■ **Data below**:
- - - - -

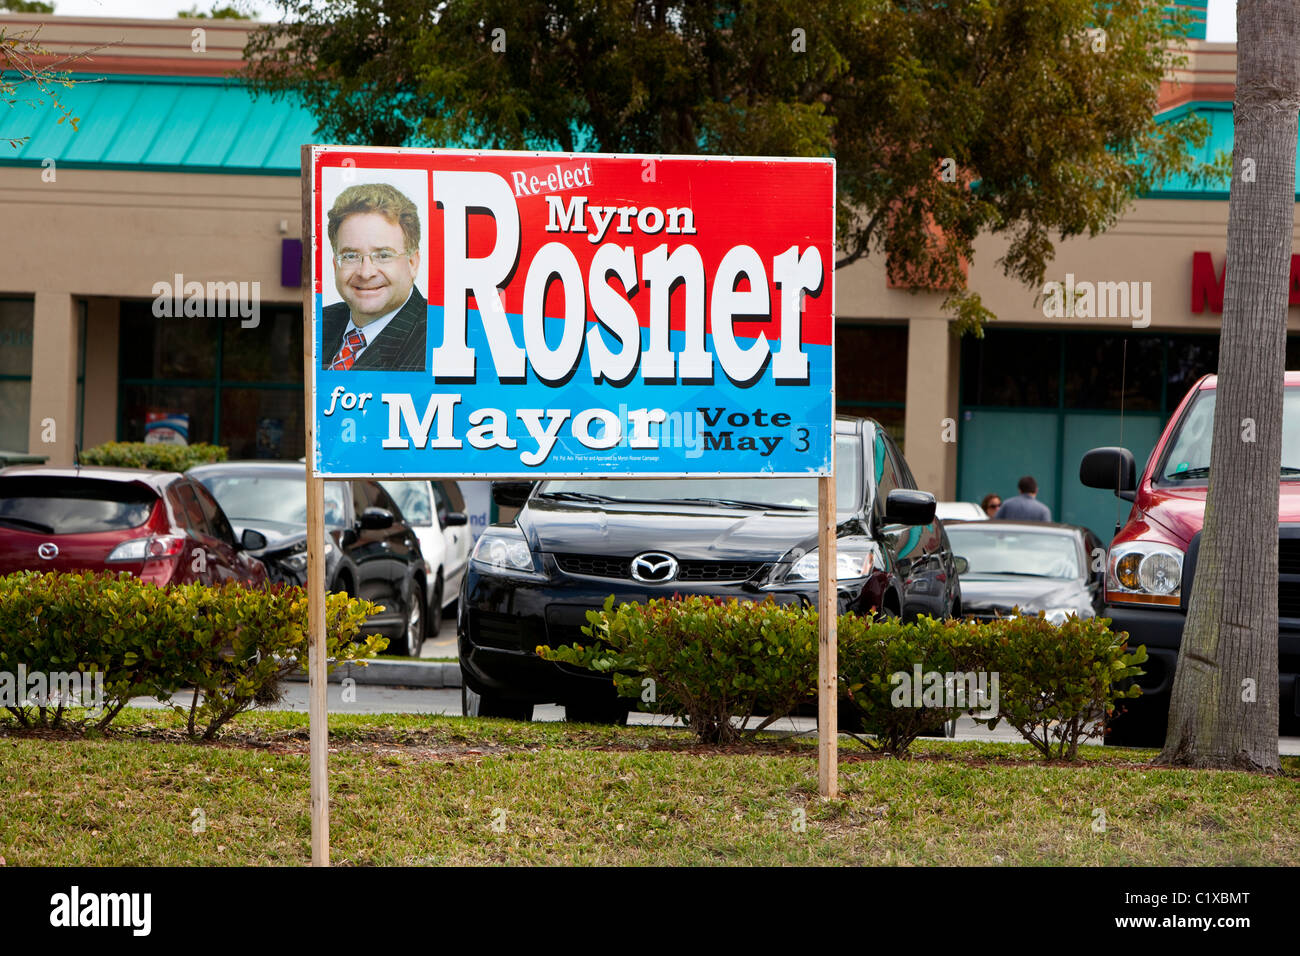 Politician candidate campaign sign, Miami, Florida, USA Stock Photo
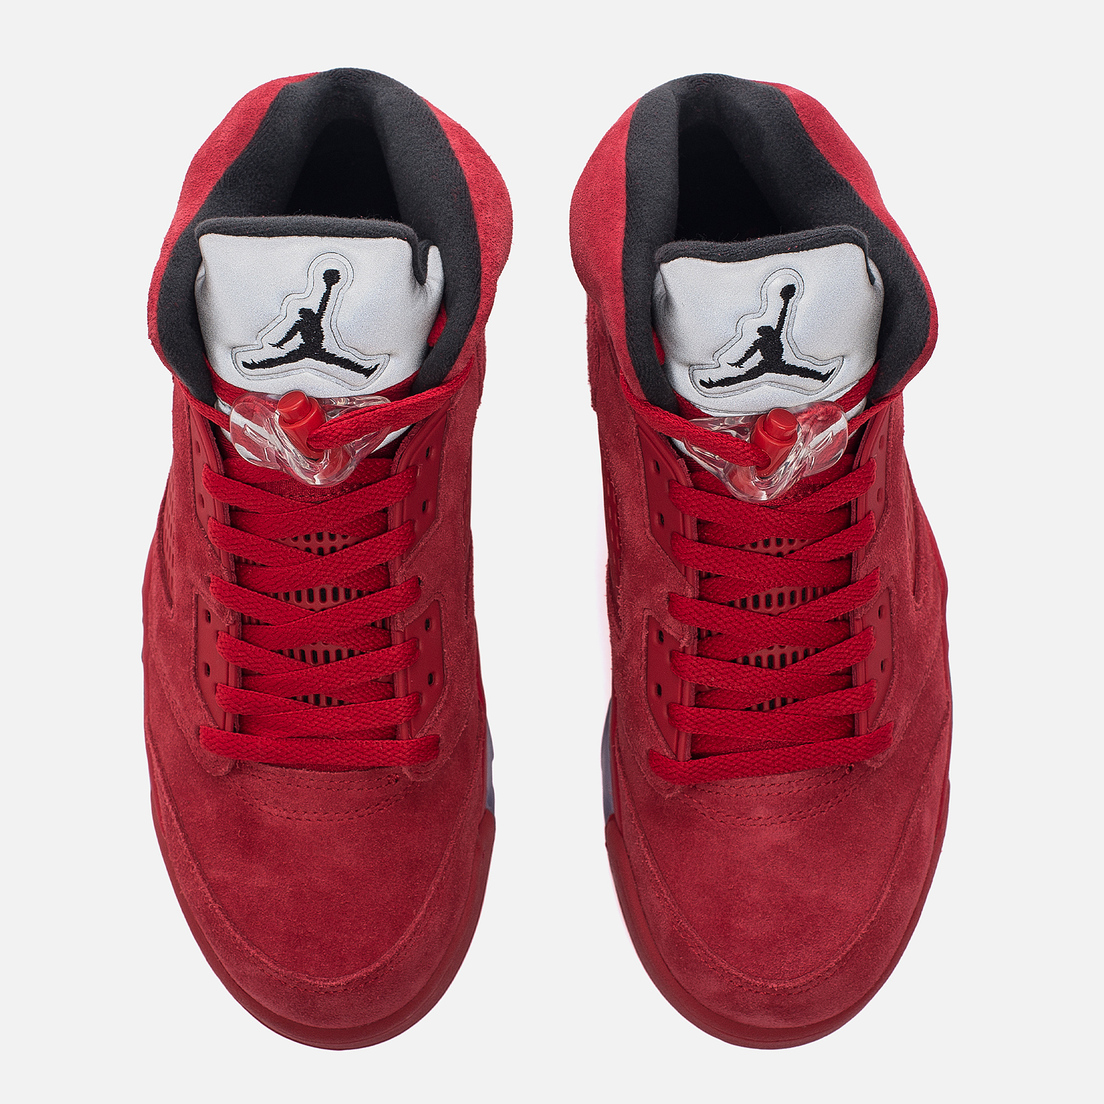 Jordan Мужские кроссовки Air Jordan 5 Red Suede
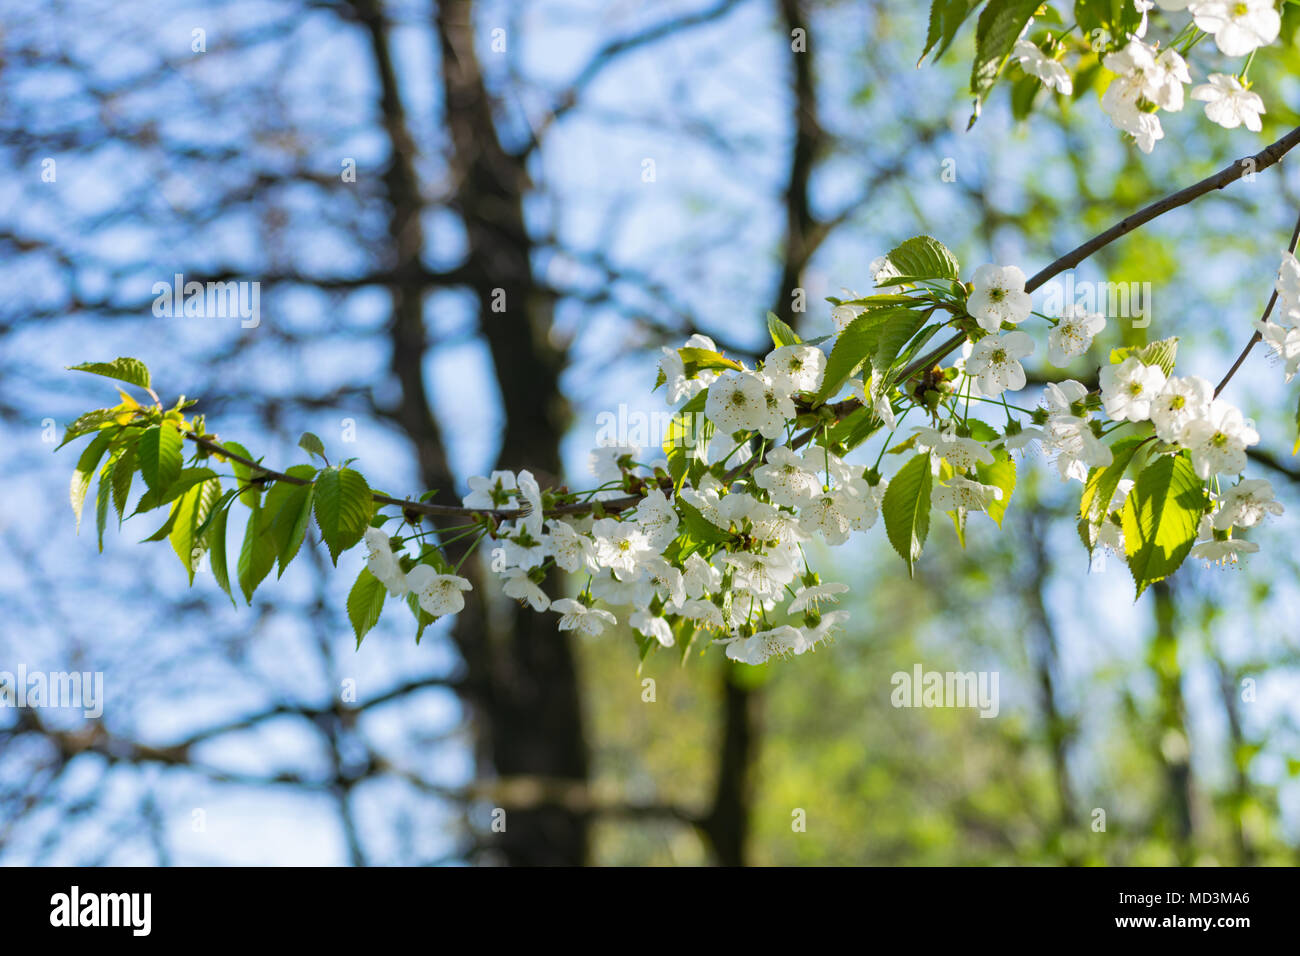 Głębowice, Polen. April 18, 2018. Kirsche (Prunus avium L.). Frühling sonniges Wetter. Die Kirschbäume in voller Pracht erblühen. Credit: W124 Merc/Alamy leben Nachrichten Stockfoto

- - - - -

Restate the data above word for word, omitting every picture.

 Politician candidate campaign sign, Miami, Florida, USA Stock Photo
 Jordan Мужские кроссовки Air Jordan 5 Red Suede
 Głębowice, Polen. April 18, 2018. Kirsche (Prunus avium L.). Frühling sonniges Wetter. Die Kirschbäume in voller Pracht erblühen. Credit: W124 Merc/Alamy leben Nachrichten Stockfoto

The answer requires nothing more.